Abram’s oral history is available from the U.S. Holocaust Memorial Museum and the American Jewish Committee Oral History Collection at the New York Public Library, part of the Dorot Jewish Division’s archive of over 6,000 hours of interviews.




Additional Resources


The Concordia Club in Pittsburgh

The Concordia Club was a cornerstone of Jewish life in Pittsburgh from the late 19th century until 2009.

Foundation on Pittsburgh’s North Side

In 1874, about forty Jewish men, primarily of German origin, met to form an association “to promote social and literary entertainment among its members,” according to its charter. The first president was Josiah Cohen, a respected teacher, lawyer, and judge. Jacob Eiseman served as president in 1884, the year the club was chartered. Most of its early members — and nearly all of its early officers — belonged to Rodef Shalom Congregation.

Social clubs like the Concordia sprang up across the United States at a time when Jews were routinely denied membership in prominent social and business clubs. In Pittsburgh, for example, the Duquesne Club did not begin admitting Jewish members until 1968. The Concordia Club was sometimes referred to as the “Jewish Duquesne Club.”

The Club’s first home was a rented house on Stockton Avenue in Allegheny City (now Pittsburgh’s North Side). In the late 1870s, a dance hall was added to the building. The Club purchased the property in 1890, later replacing it with a new clubhouse on the same site, built at a cost of about $75,000. Membership at the time numbered 175.

Move to Oakland

Over the next two decades, the Club grew into a leading social institution for the Jewish community, even as the community shifted eastward toward neighborhoods such as Squirrel Hill. By 1913, more than 95 percent of members lived in Squirrel Hill. That year, the Club moved to a new home on O’Hara Street in the Schenley Farms district of Oakland. Designed by prominent Pittsburgh architect Charles Bickel, the clubhouse was dedicated on Christmas Day, 1913, with a gala banquet. It featured a banquet hall, ballroom, library, lounges, sleeping quarters, billiard rooms, and bowling alleys.

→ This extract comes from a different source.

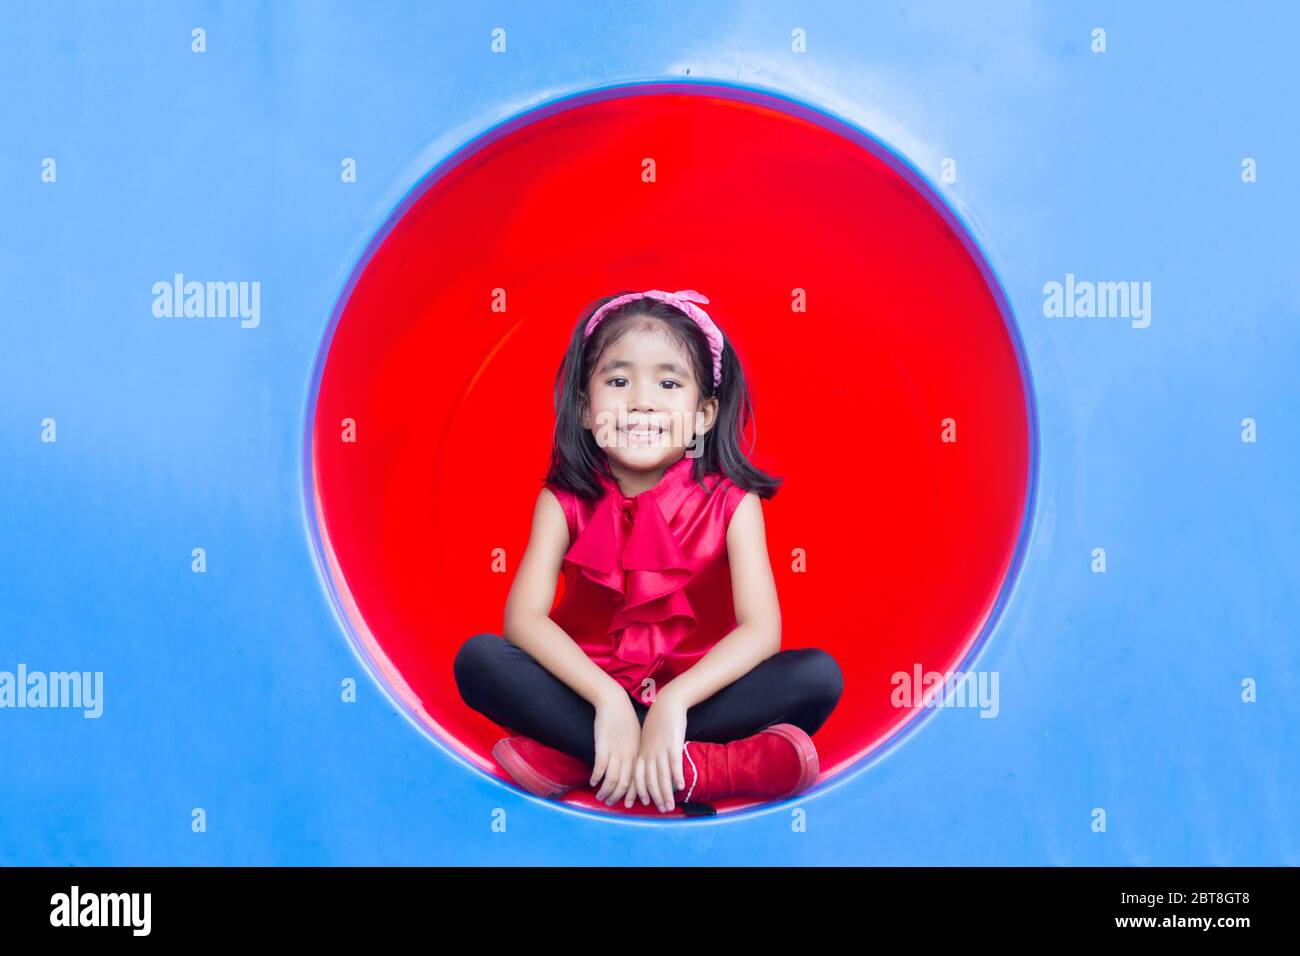 souriez les enfants asiatiques sur le cercle de parc de jeux en plastique Banque D'Images

When the building opened, it was considered one of the city’s most opulent, with elegant china, crystal, linens, and lavish floral arrangements. A 1915 Jewish Criterion article described it as “entirely complete with billiard rooms, banquet hall, rest and lounging parlors, reading quarters and sleeping accommodations.” In 1967, the Club added elaborate dark oak paneling salvaged from the Fort Pitt Hotel after its demolition.

The Concordia Club hosted themed dances, vaudeville shows, musical revues, amateur theater productions, and holiday celebrations. It was also the venue for countless private events, remaining a central gathering place for Pittsburgh’s Jewish community. At its peak, membership approached 300. My father worked at the Club for many years, and as an awkward teenager I took ballroom dance classes in its elegant ballroom — shown above in its restored state.

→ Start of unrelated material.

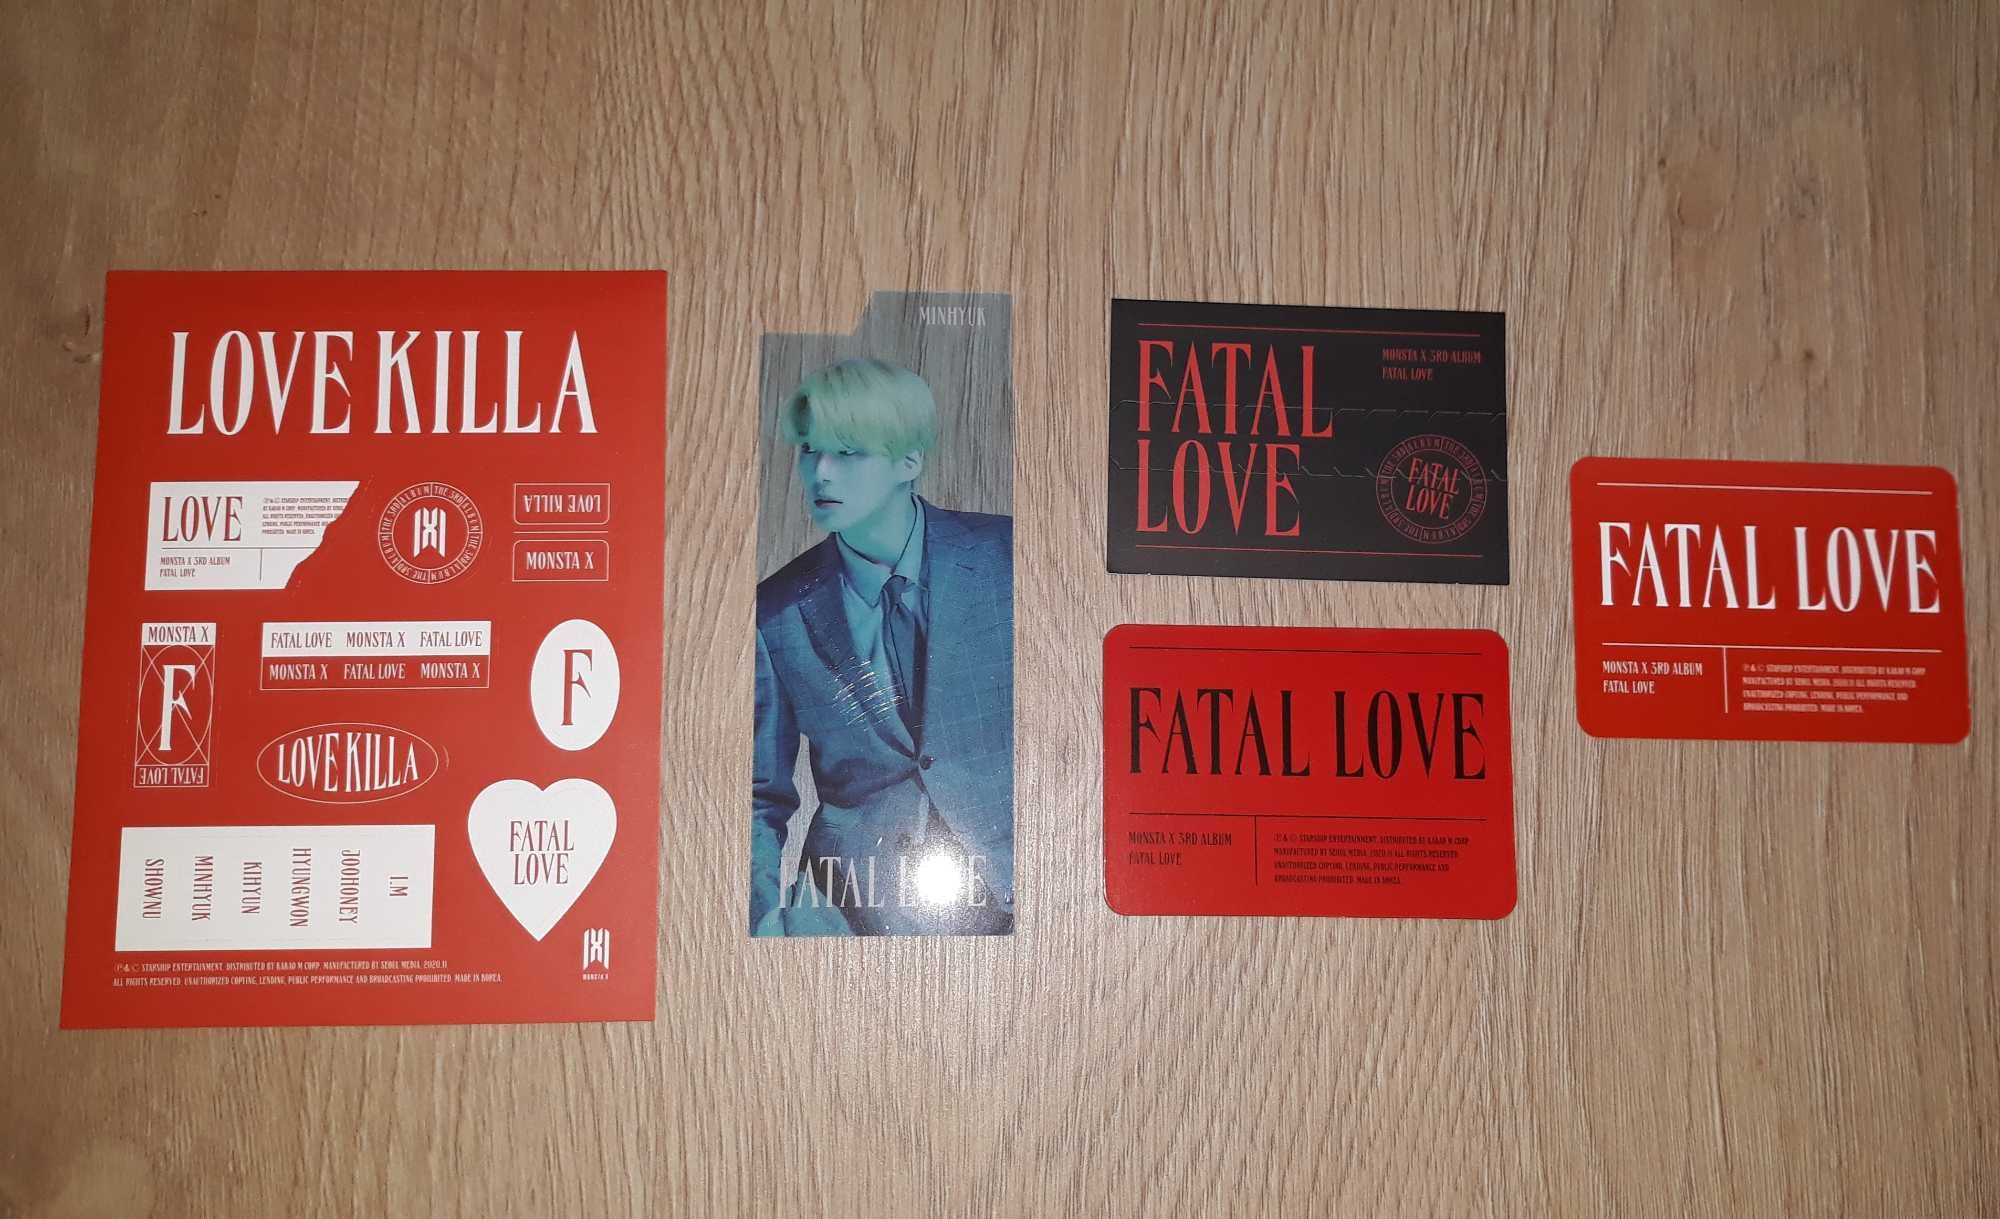 Álbum Kpop Monsta X - Fatal Love

Sale to Pitt and Renovation

After 135 years, facing declining membership and financial strain, the Club sold the building to the University of Pittsburgh. It closed on December 14, 2009.

Pitt undertook a $5.8 million restoration and renovation, completed in April 2011. The project preserved much of the historic character while creating nearly 35,000 square feet of space to ease shortages in student meeting, event, and office facilities at the William Pitt Union.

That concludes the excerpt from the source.